* Prompt *
Within the entries below, please retype exactly the lines starting with the line that has "luxury deluxe room accommodation" and going on through the line that has "Whitesnake band logo and wallpaper 1600x1200", but not the pictures.

* Data *

***

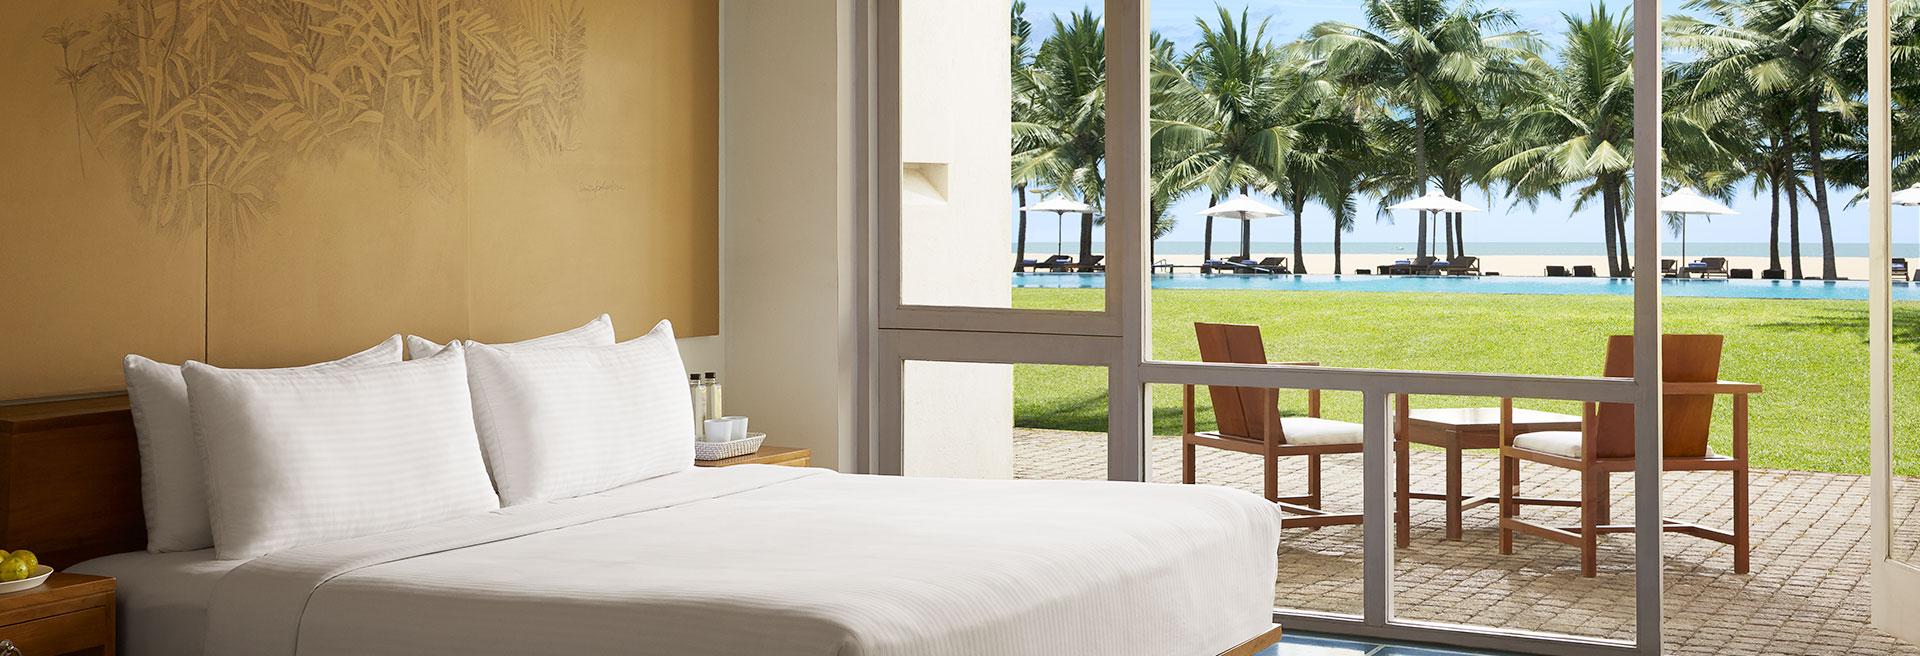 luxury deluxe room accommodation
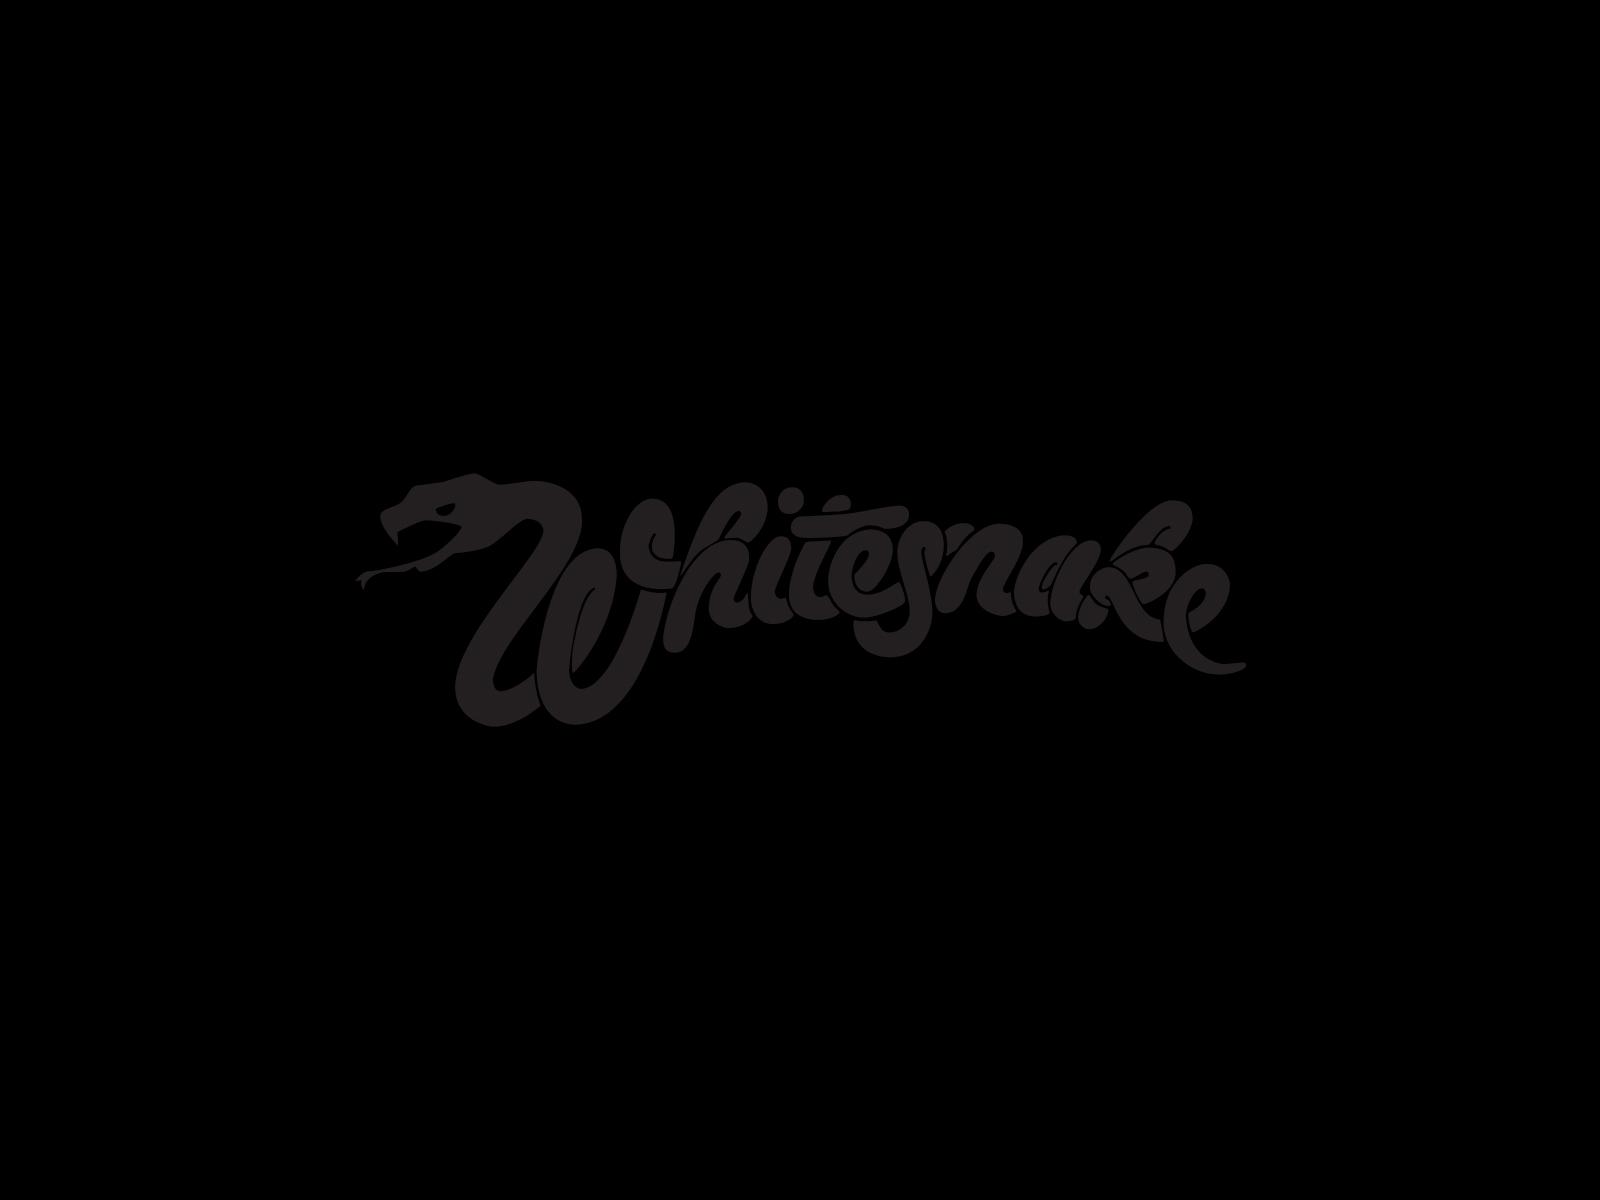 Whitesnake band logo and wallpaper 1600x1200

***

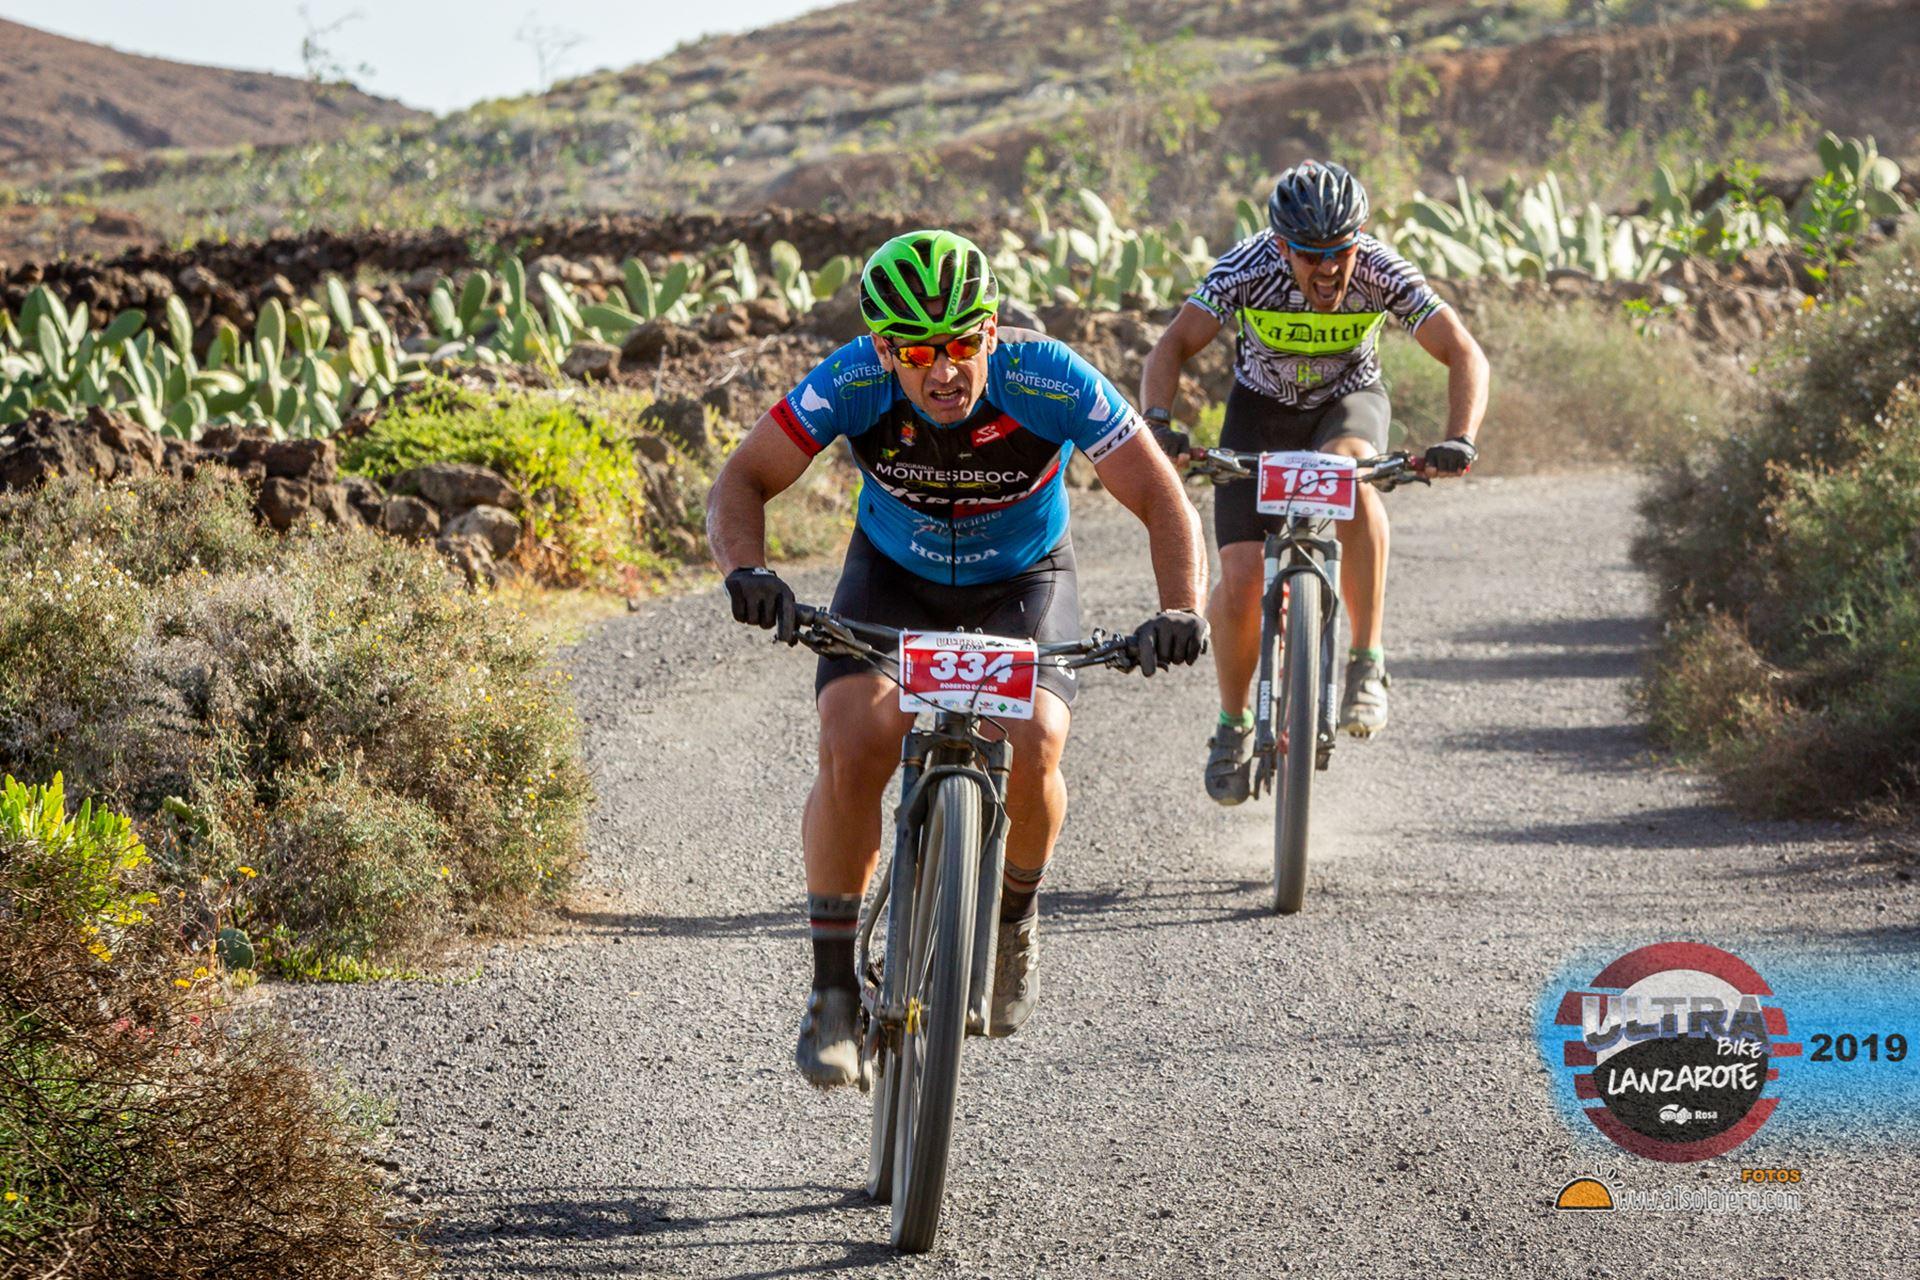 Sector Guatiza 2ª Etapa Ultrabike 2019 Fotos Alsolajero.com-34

***

* Solution to this exercise *
 luxury deluxe room accommodation
 Whitesnake band logo and wallpaper 1600x1200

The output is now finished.